The TreeNet graphical displays are essential to understanding the workings of a model. The graphs reveal not only the nature of the relationship between the target and a predictor, but also potential oddities in the data and possible shortcomings of the model. However, when building a collection of relatively similar models the need to review the dependency plots for the key variables every time occurs rarely and there may be no need to review more than a handful of graphs for the most important variables. This leads us to the possibility of switching off all or part of the automatic graph generating that occurs after every TreeNet model is built. Surprisingly, the graph generation can often take as much time to complete as the original model building. So switching the graph generation off can save you 50% of your model development time! To get to the TreeNet options controls, first click on the options icon on your toolbar. In the screen shot below the red arrow points to what you are looking for:
You can also reach the options controls via the EDIT menu item and selecting Options. The dialog you want will look something like the one shown below:
The screen shot above is taken from the Salford Predictive Modeling Suite that combines TreeNet with other analytical engines. If you are running a standalone TreeNet then you will not see tabs for CART, MARS, or RandomForests, you will see the GENERAL, TREENET, and DIRECTORIES tabs.
In the "Plot Creation" section of this dialog you have the option of checking or unchecking four items; here we are concerned with just the first two. Unchecking ALL the options will turn off all post-model graphs displaying relationships between the target and the predictors. This will save the most time and is recommended when you are evaluating runs strictly on the basis of some summary statistic like R-Squared for regression or Area Under the ROC curve for classification.

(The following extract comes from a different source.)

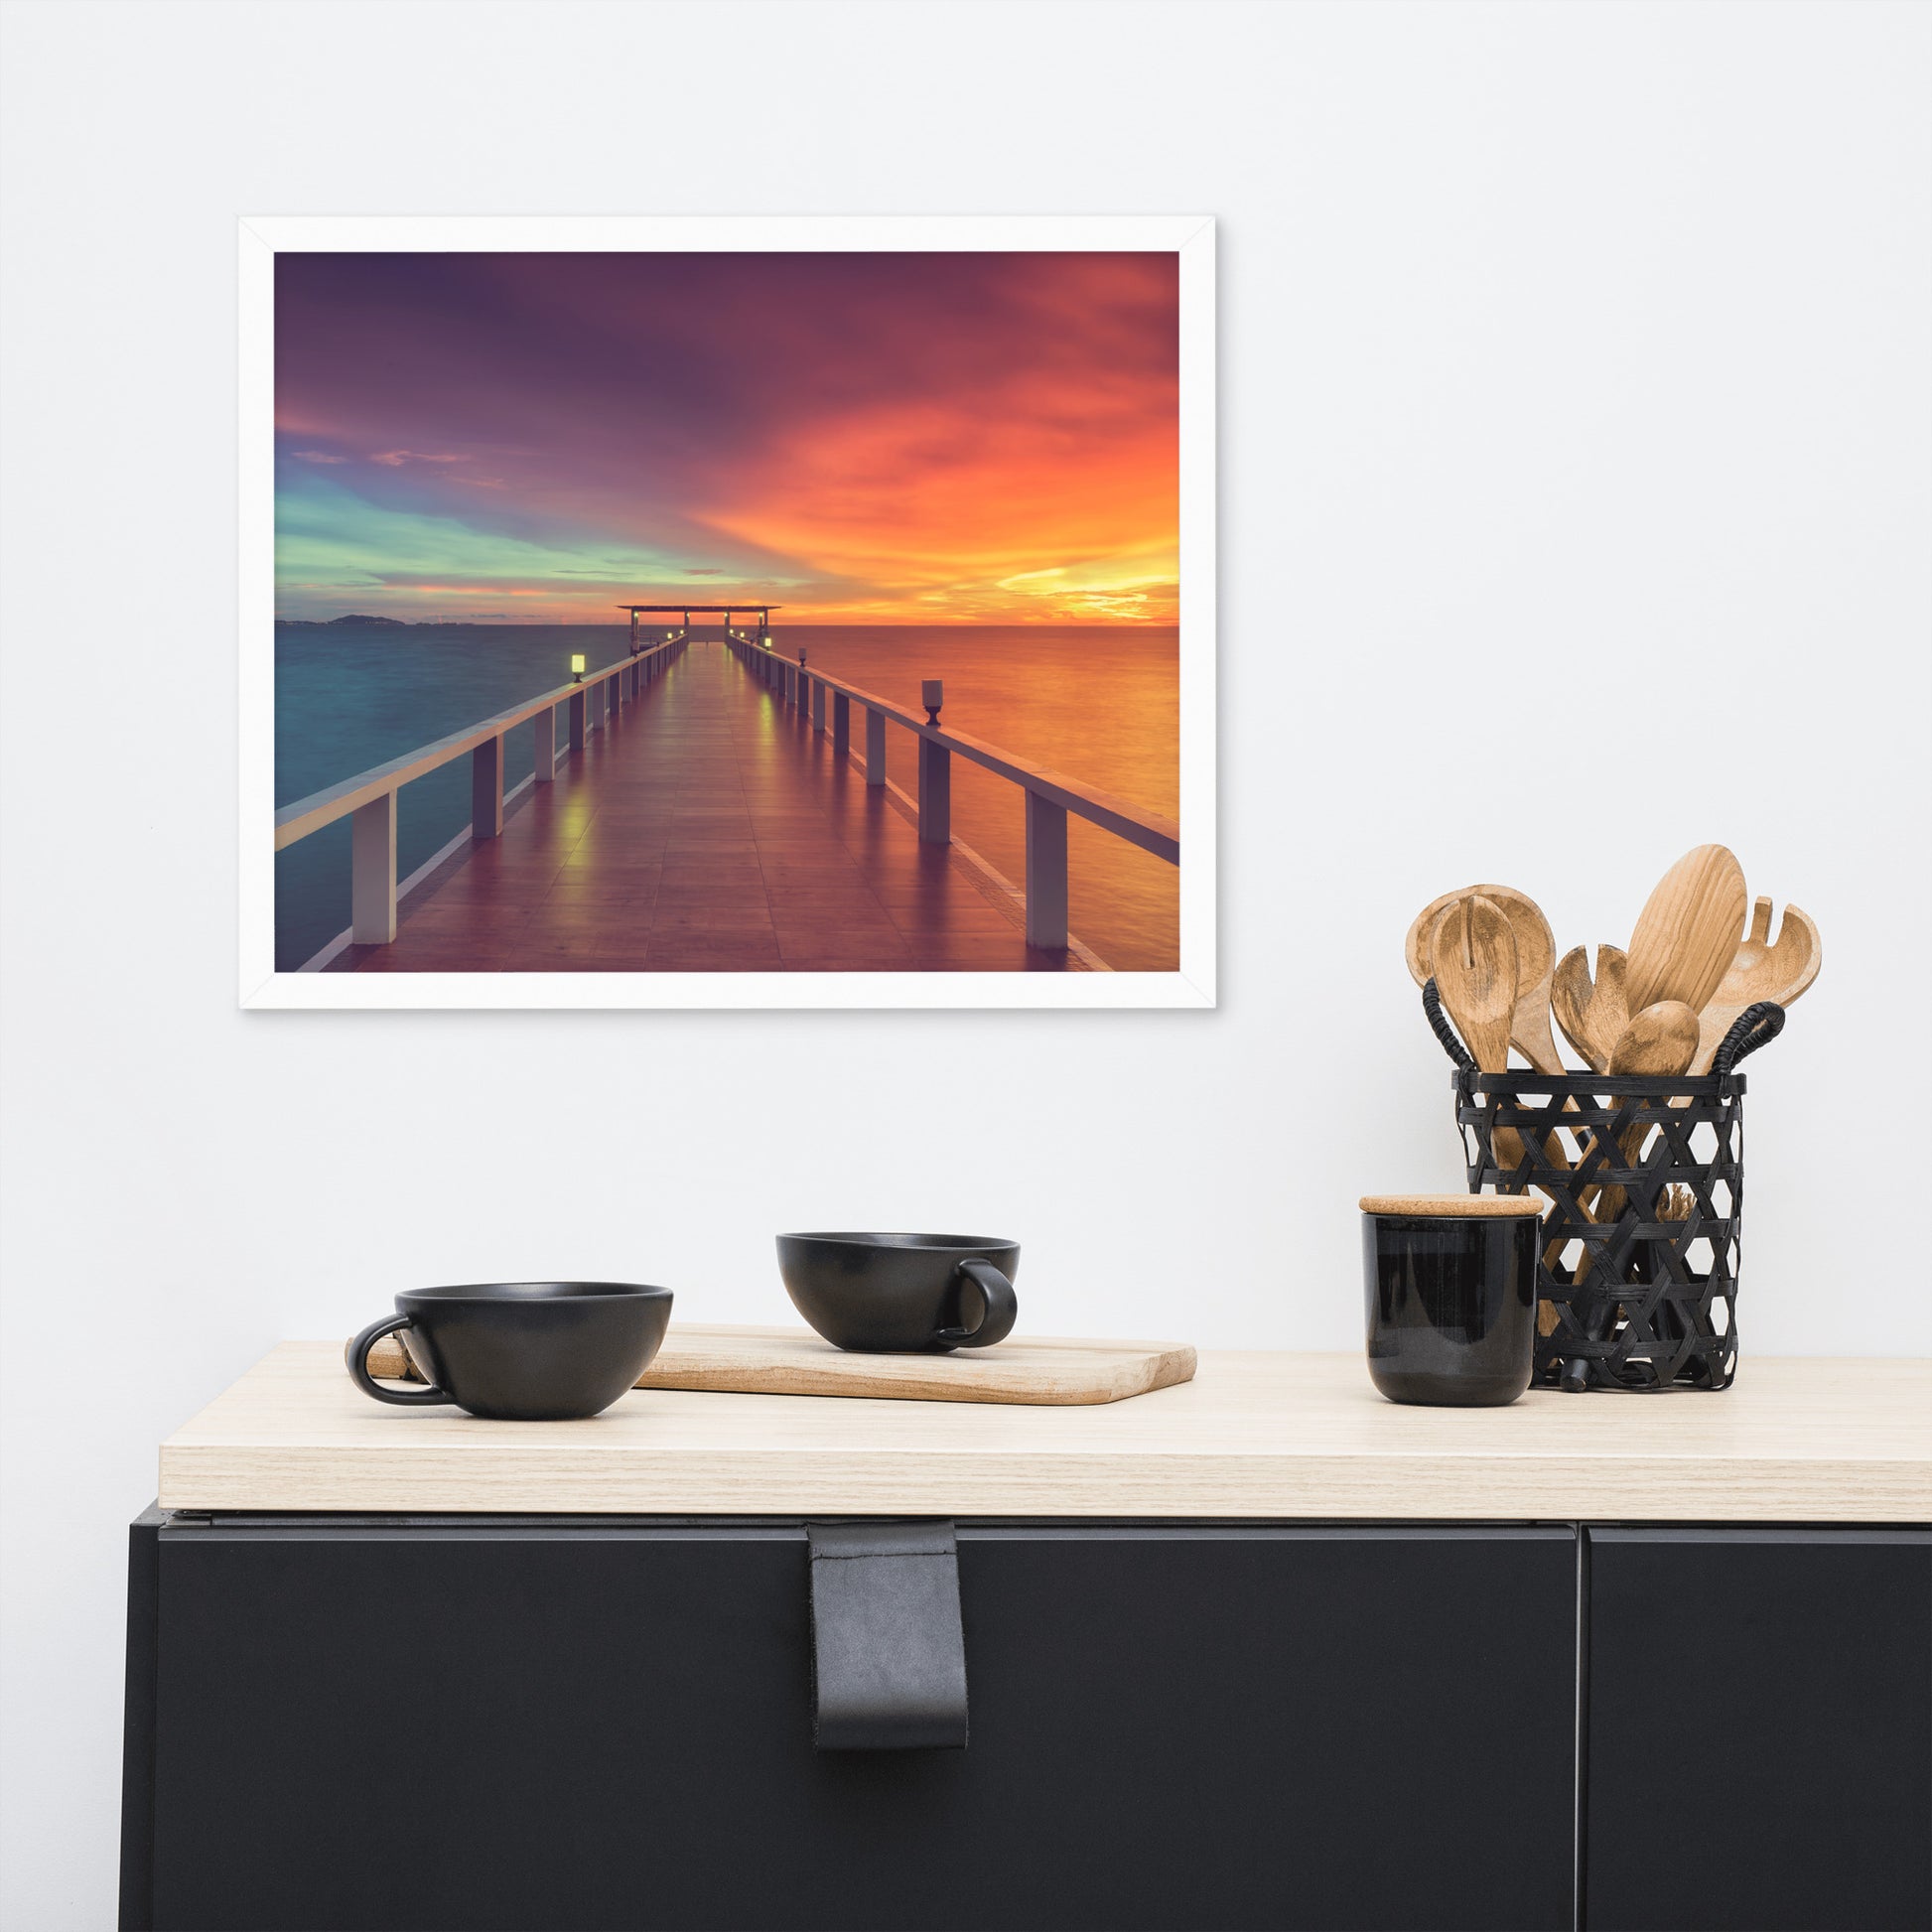 Framed Beach Photos: Surreal Wooden Pier At Sunset with Intrigued Effect - Coastal / Seascape / Nature / Landscape Photo Framed Artwork - Wall Decor
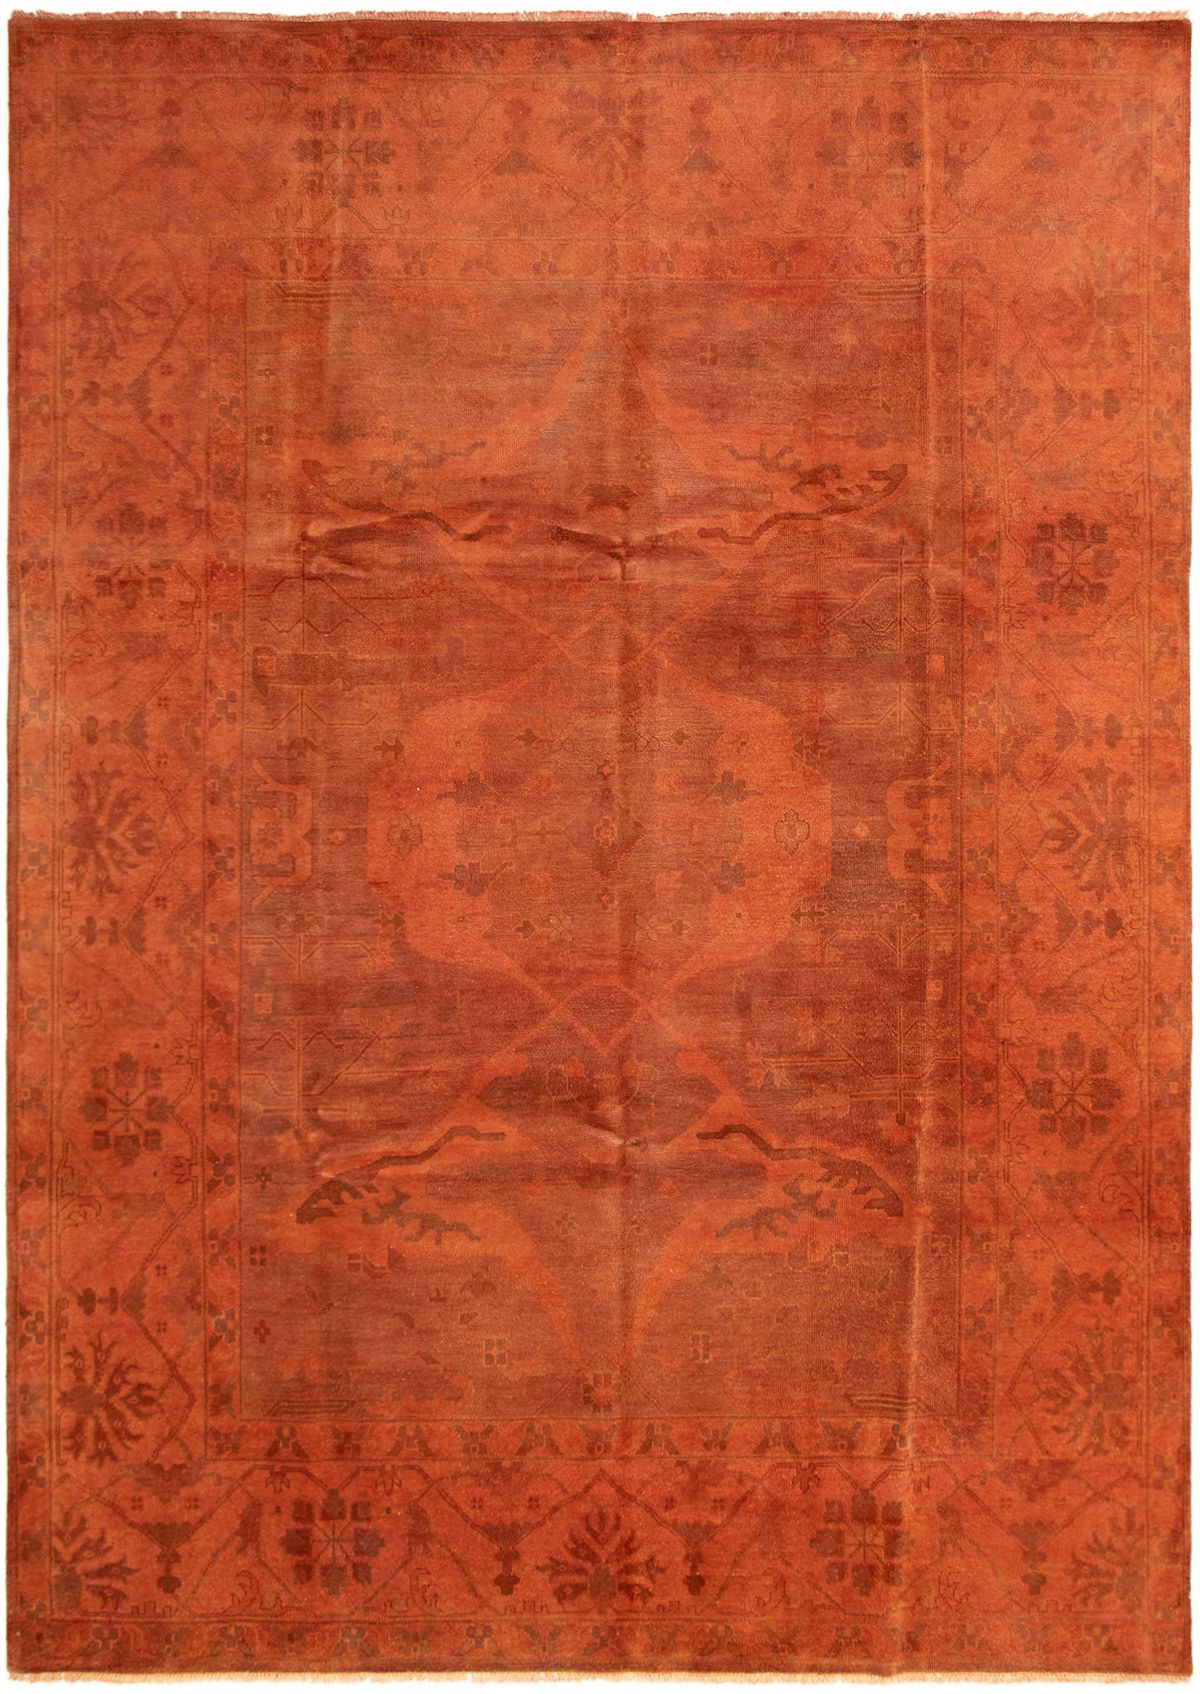 Hand-knotted Color transition Copper Wool Rug 9'10" x 13'10" Size: 9'10" x 13'10"

Another, less radical shortcut is to turn off just the "Bivariate Dependence" plots; these are 3D plots of the target against every pair of important predictors. With ten important predictors there would be as many as 55 such 3D plots, and each takes time to produce. You can also cut back the number of plots that will be produced. In the display above we have entered the value "10" for the number of important predictor variables to plot. This means that plots will be produced for the ten highest ranked predictors. You can cut this number down to, say five, if you need to examine the plots but can live with an examination of just the topmost predictors.
If you turn off the graphs in TreeNet, what are your options if you decide you do want to browse the available graphical displays? You have two options: first, you can always rerun the model with the graphs turned on. Just set the check marks on the Treenet tab of the Options dialog. You can do this at any time in the future, and it will be especially easy if you have saved the commands that generated the model in question. Your other option is available immediately after running a TreeNet model. The TreeNet RESULTS display is your gateway to access all the available reports for the model and will look something like this:
The "Create Plots" button will allow you to generate plots of the target variable against any single predictor used in the model, whether that variable is important or not. It will also let you produce 3D plots of the target against any pair of predictors used in the model. The "Create Plots" button remains active only while you are still connected to your training data and is only guaranteed to be active immediately after building your model.
The great thing about this option is that you can use it only when you have decided that your model is sufficiently interesting to merit further exploration. Otherwise, if plot creation has been turned off, you save quite a bit of compute time.